The more extra-human attention and care you offer, the more you will give back. For Holly, this reciprocity is at the heart of vigilant birding. “They give us joy and attention,” he says. “However, we can support conservation and stewardship. We can plant native plants, provide food and water, and contribute to citizen science.”

The more extra-human attention and care you offer, the more you will give back.

After visiting Zen Mountain, a friend and I hiked nearby. “Look up,” my friend said halfway up the climb. A boreal owl looked down at us, silvery, wide-eyed, crystal clear. I’ve been talking about the birds all day. At that moment, it was as if they spoke back.

By cultivating inner peace, we are in a better position to protect nature. Just as Buddhist practice leads to compassion, birding can extend that compassion to nature.

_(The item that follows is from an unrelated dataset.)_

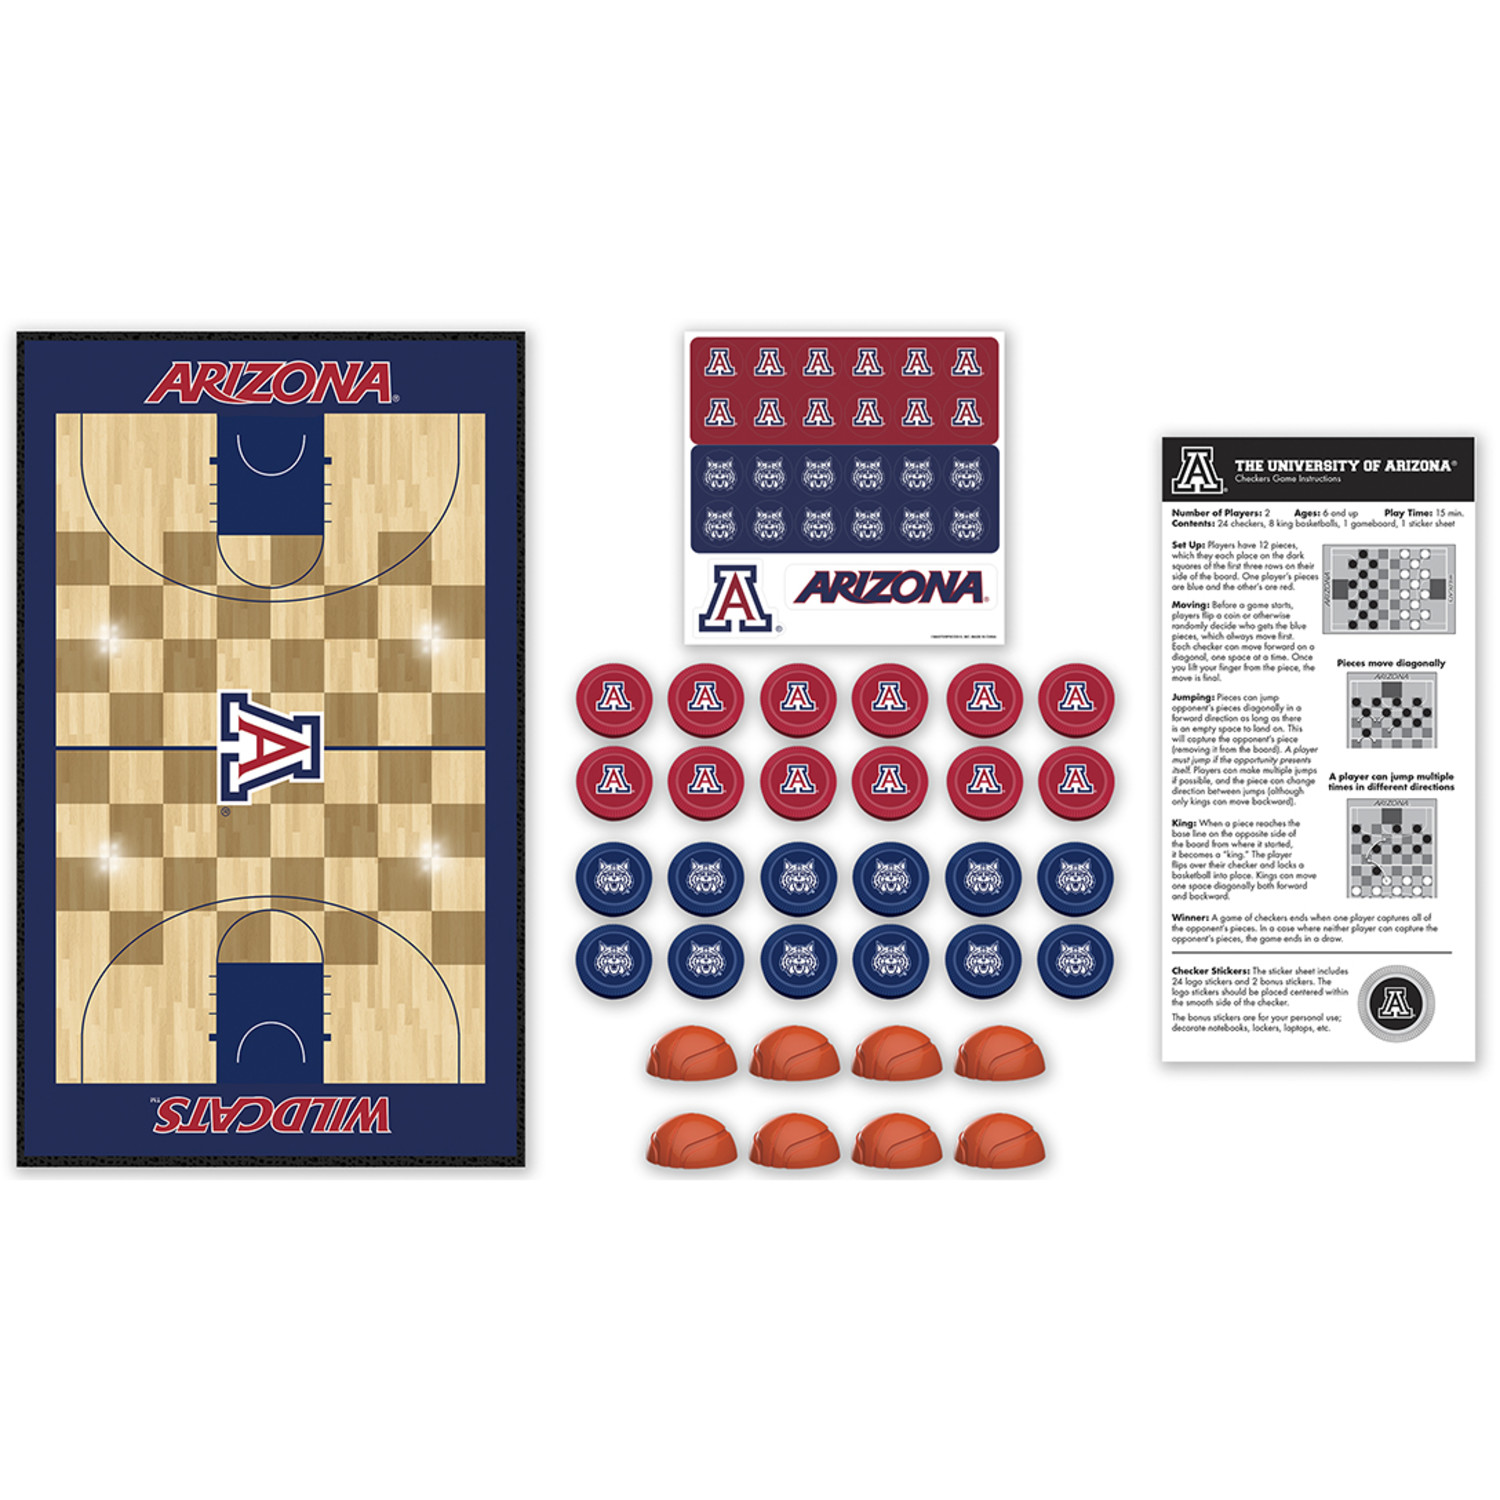 MasterPieces Officially licensed NCAA Arizona Wildcats Checkers Board Game for Families and Kids ages 6 and Up - image 3 of 5

The global rise of birding since Covid is impressive. Good reason: Among the outdoor activities, birding is uniquely available; Birds live in all environments, including cities. More than half of the world’s population lives in cities; By 2050, it will probably be over 68 percent. All these people live among birds. However, Over 20 percent of all bird species can live in cities. Even in urban areas where there are not many trees, hawks, starlings, doves and many blackbirds thrive.

The red-tailed hawk. Photo: Carol Ourivio.

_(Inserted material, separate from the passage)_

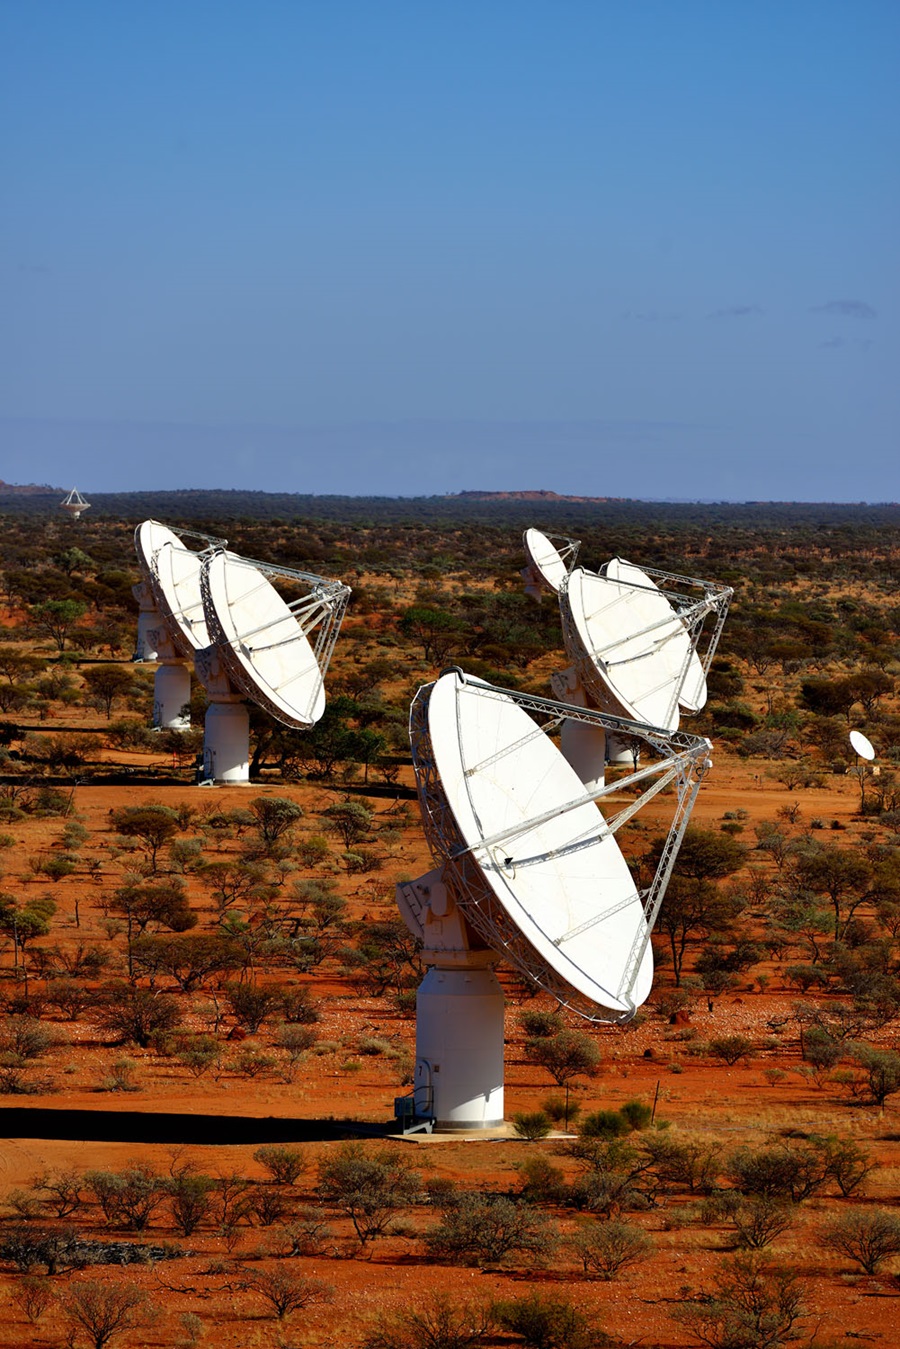 Image shows our ASKAP radio telescope, several dish-like antennas pointing at the sky

Birding is also inclusive in other ways. It does not require great physical strength. The visually impaired can bird by ear. Projects like Project FeederWatch and Garden BirdWatch encourage birding from home. As an inexpensive activity with plenty of free knowledge online and birding groups actively expanding their efforts to promote inclusion, birding is breaking down barriers that traditionally exclude marginalized groups from nature-based activities. As with mindfulness: All you need to practice is a receptive mind.

From the waterfowl of ancient Zen poetry to the roosters of New York City, bird teachings are rarely out of reach. To observe a bird is to calm the wild storms of consciousness: to gather the mind and distill it into bird form.

Another Dogen poem comes to mind:

To what shall we compare this world?
To the moonlight dew
A crane flicked its bill.

I think he is talking about the same essential truth.

I set up camp in the Oregon woods to find two northern spotted owls a few feet away in their home tree—staring at me, a universe melting in their dark, wide eyes. I saw a bald eagle circling the treetops of Brooklyn’s Prospect Park, its feathers straining against the winter sky. Reality had never felt so close as in those moments; my mind has never been so moved.

zen buddhism ornithology
Barry the owl. Photo: Carol Ourivio.

“I know nothing about consciousness,” Zen Master Shunryu Suzuki once said. “I’m just trying to teach my students how to hear birdsong.” I invite you to listen to them too.